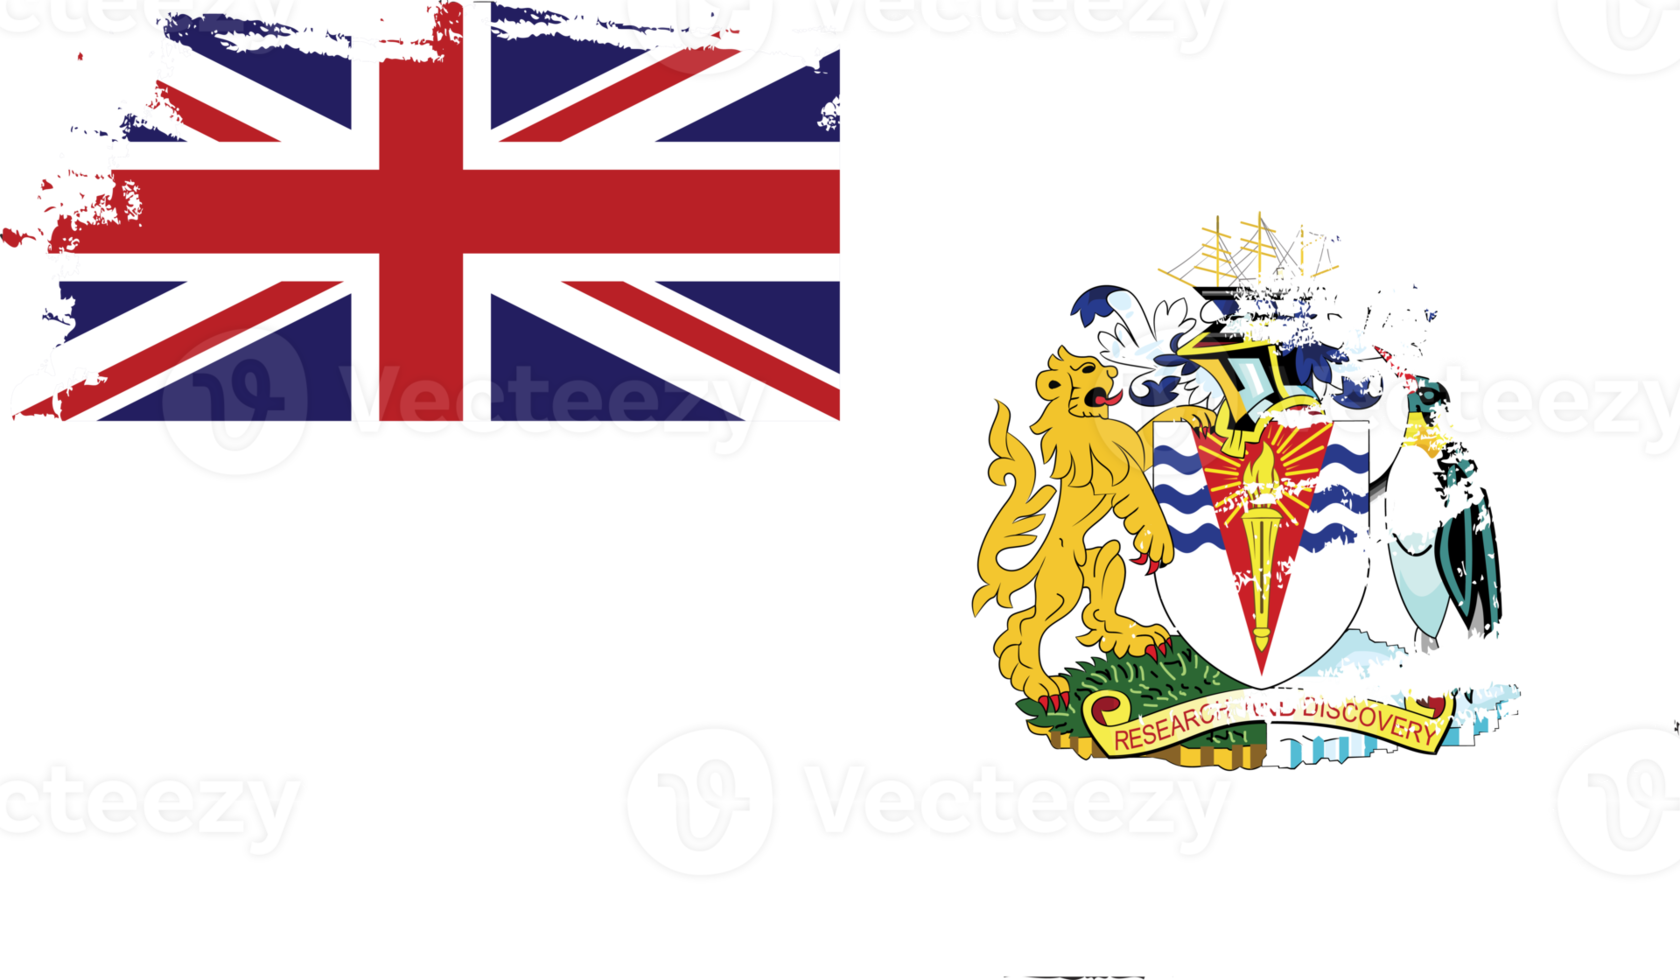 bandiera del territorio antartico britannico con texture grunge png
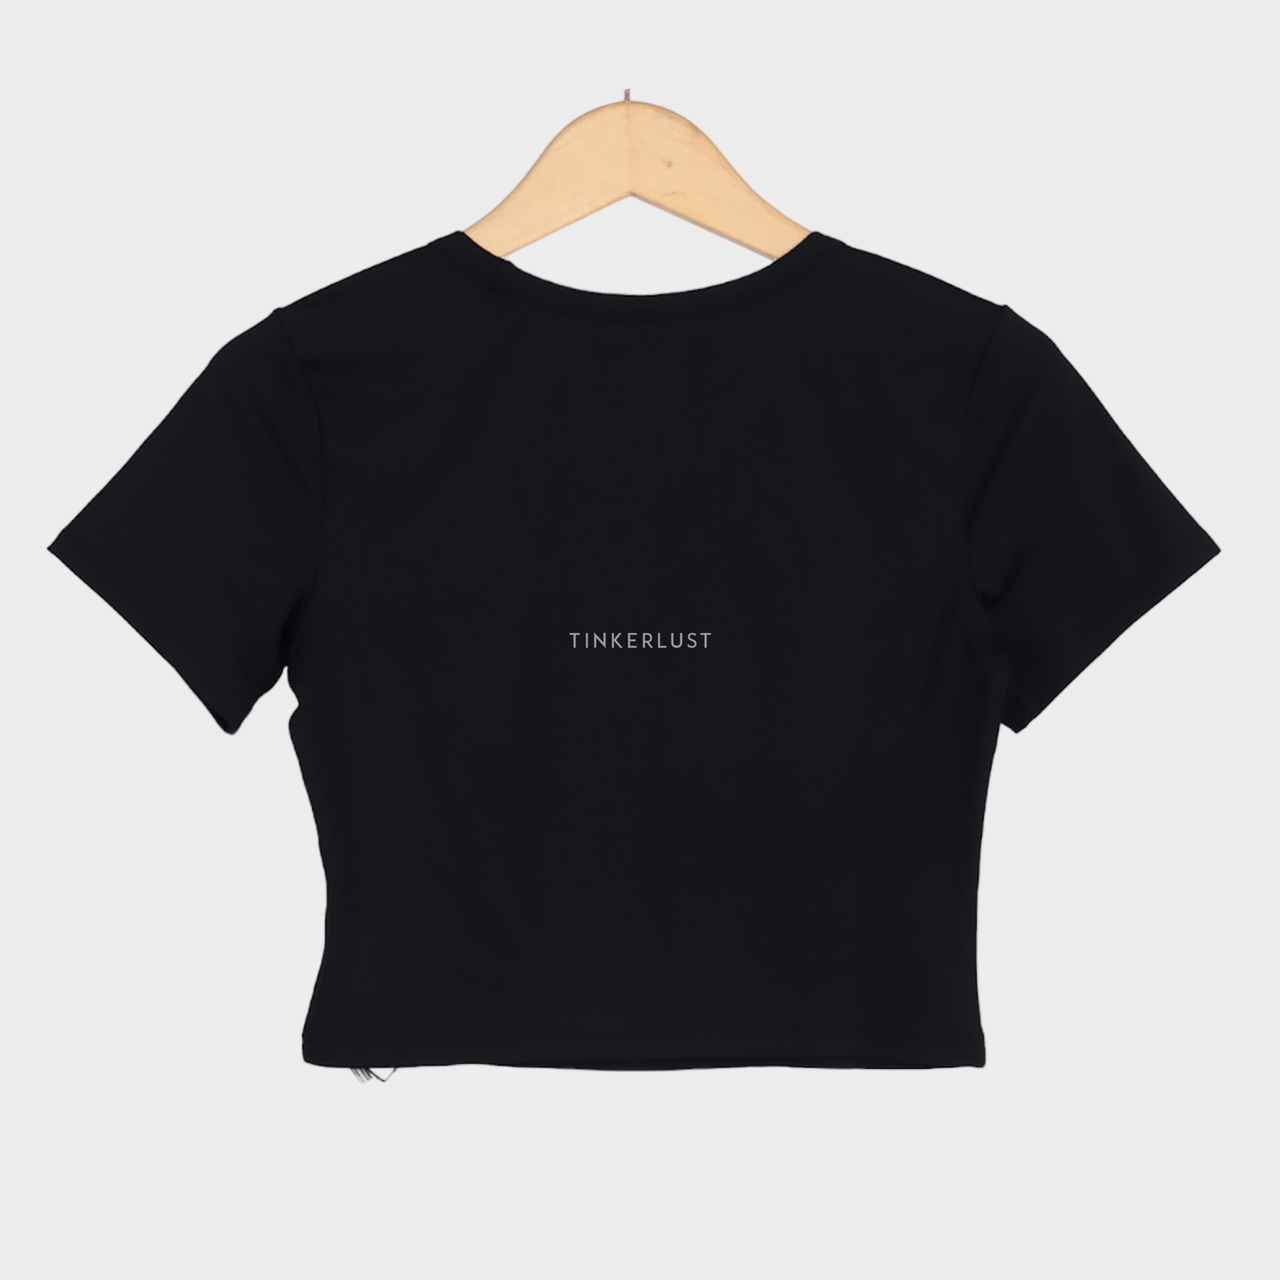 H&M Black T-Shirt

---

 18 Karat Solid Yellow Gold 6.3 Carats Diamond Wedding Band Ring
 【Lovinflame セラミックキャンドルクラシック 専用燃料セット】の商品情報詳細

(Instructions for the task)
Exact copy, pictures excluded: from the line with "bandiera del territorio" up to and including the line with "H&M Black T-Shirt" in the data above.

(Task solution)
 bandiera del territorio antartico britannico con texture grunge png
 H&M Black T-Shirt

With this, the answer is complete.